Work to complete – Every line below must come back exactly as it stands, with the images omitted.

Information shown –

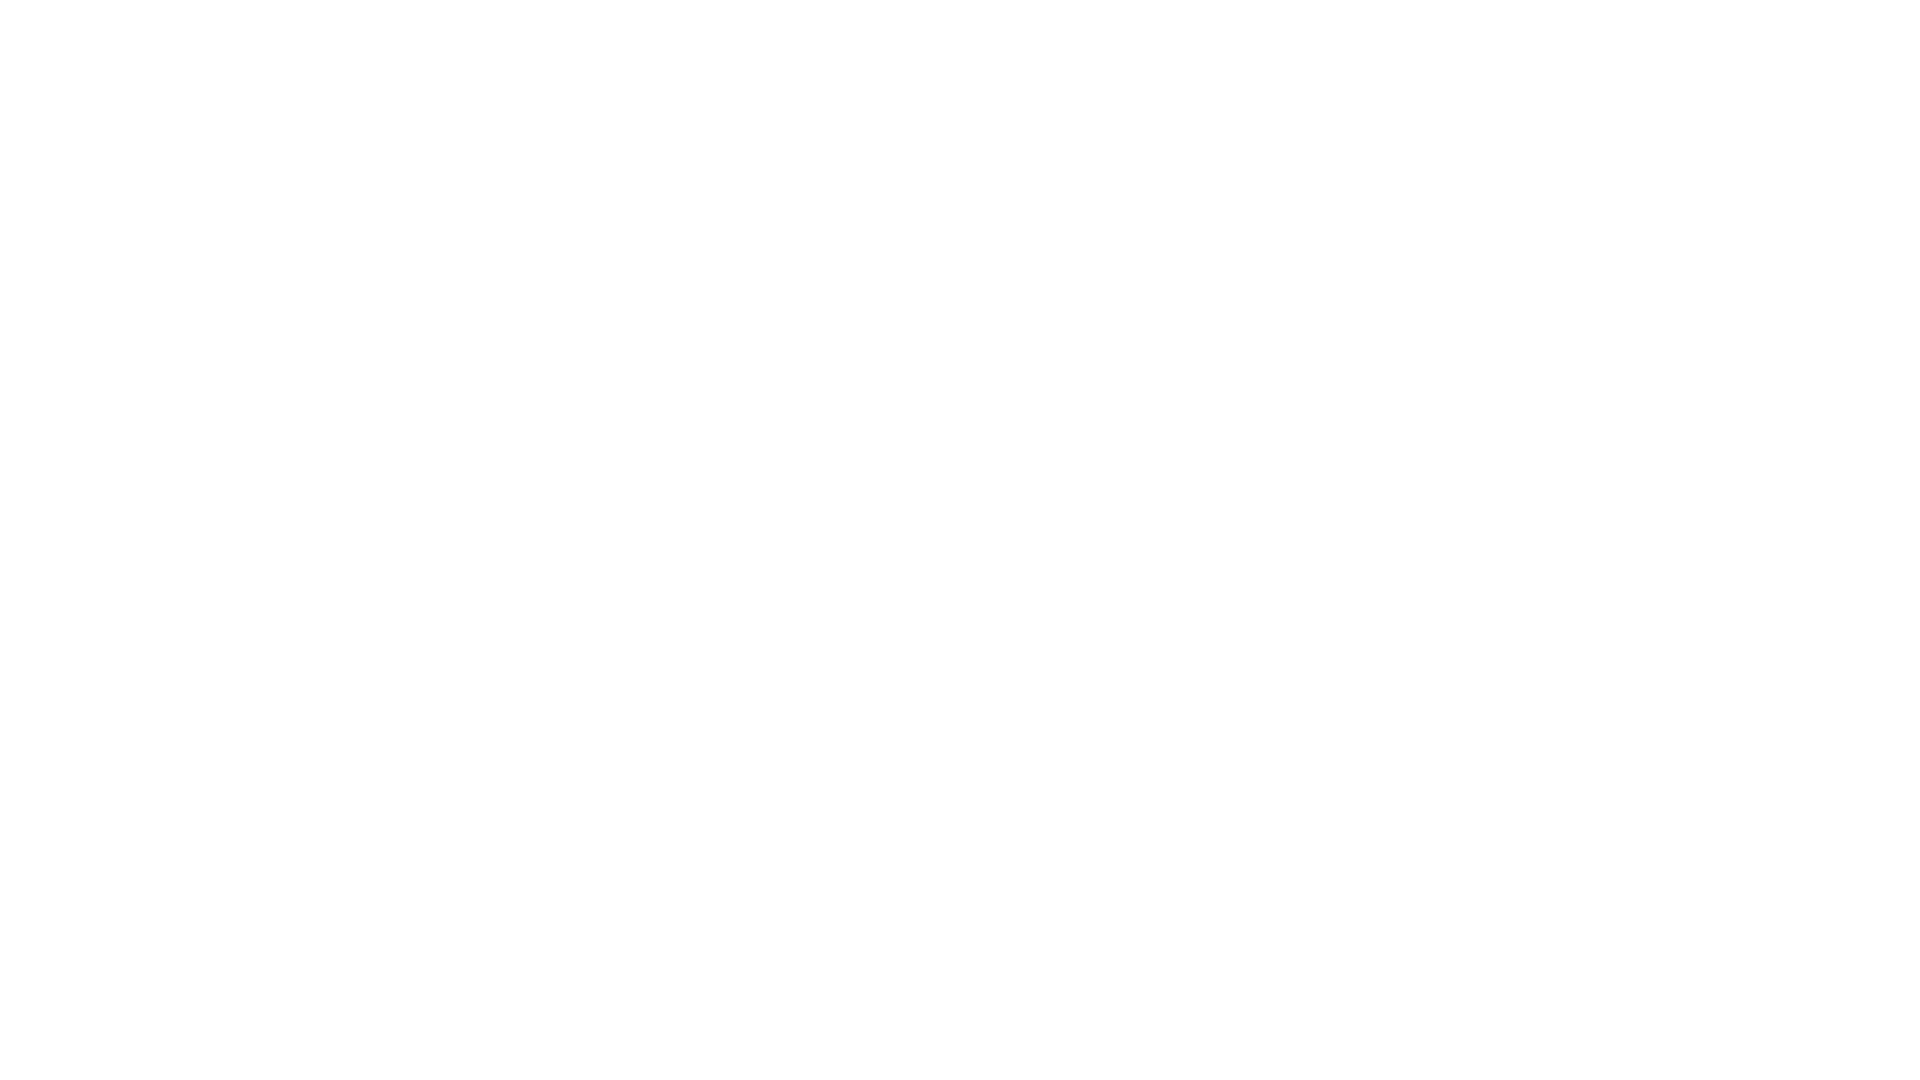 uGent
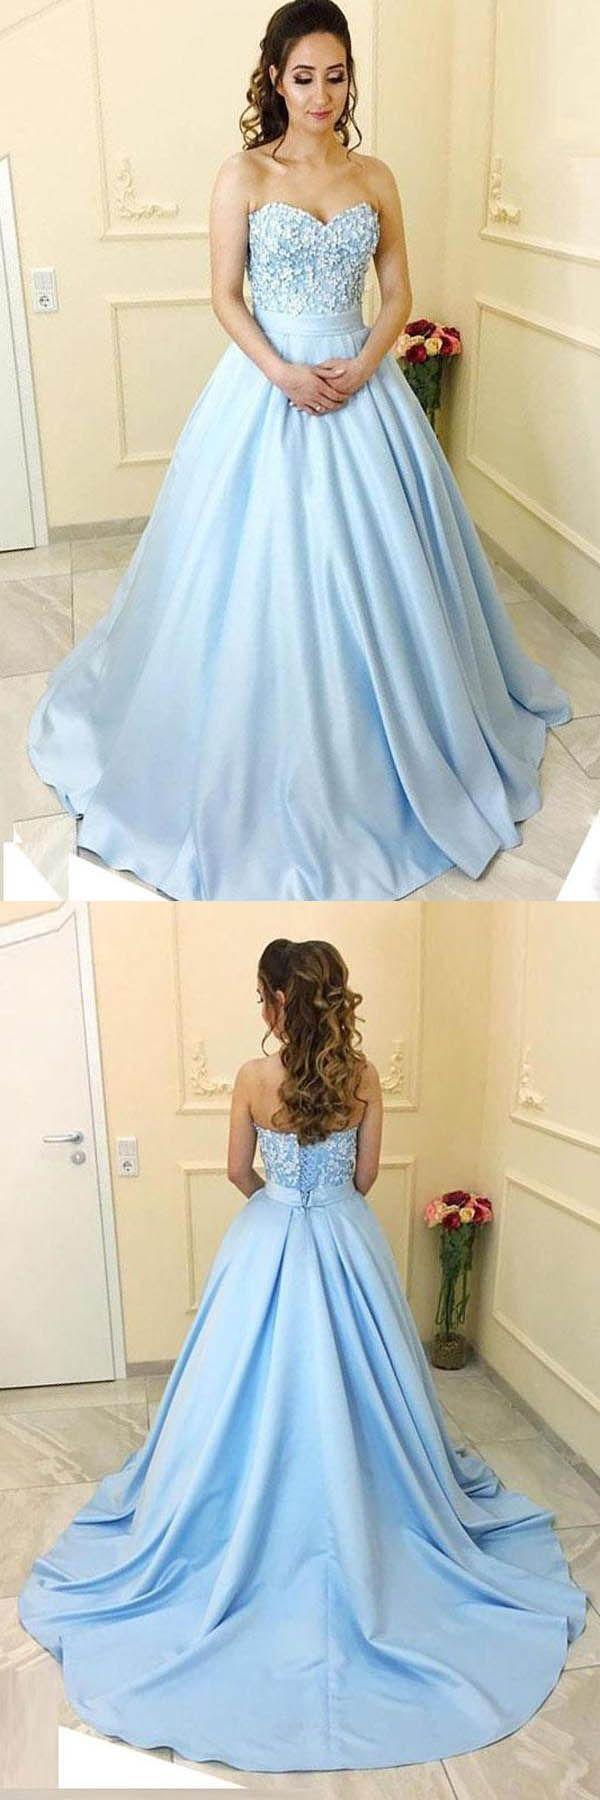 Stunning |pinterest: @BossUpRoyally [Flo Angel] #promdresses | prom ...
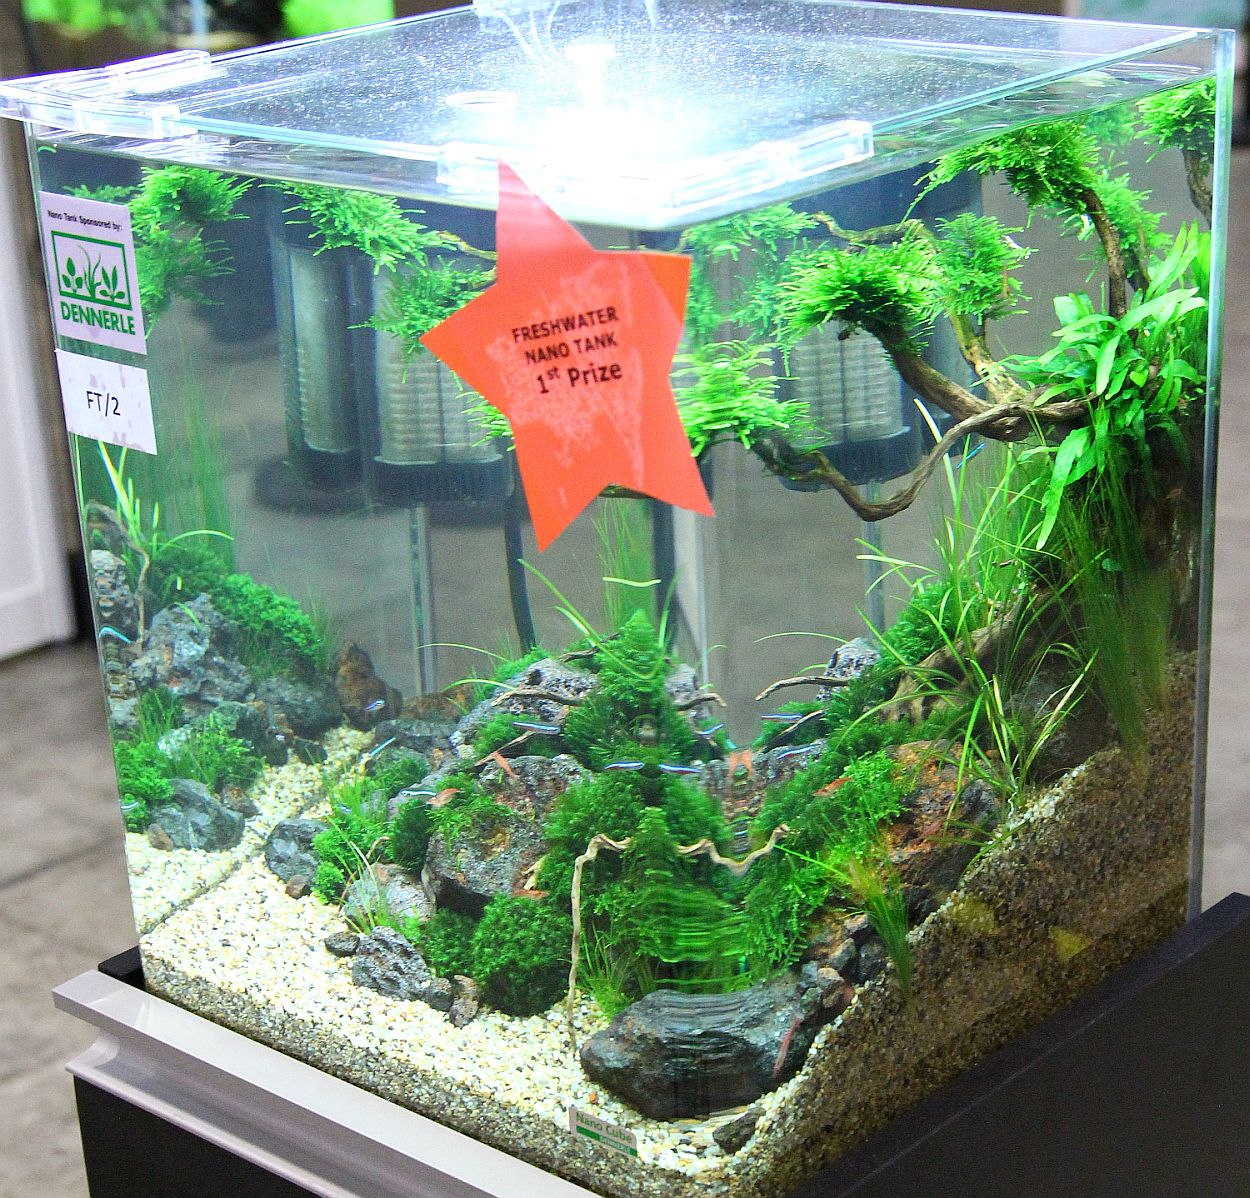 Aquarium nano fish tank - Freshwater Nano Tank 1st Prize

Answer for this exercise –
 uGent
 Stunning |pinterest: @BossUpRoyally [Flo Angel] #promdresses | prom ...
 Aquarium nano fish tank - Freshwater Nano Tank 1st Prize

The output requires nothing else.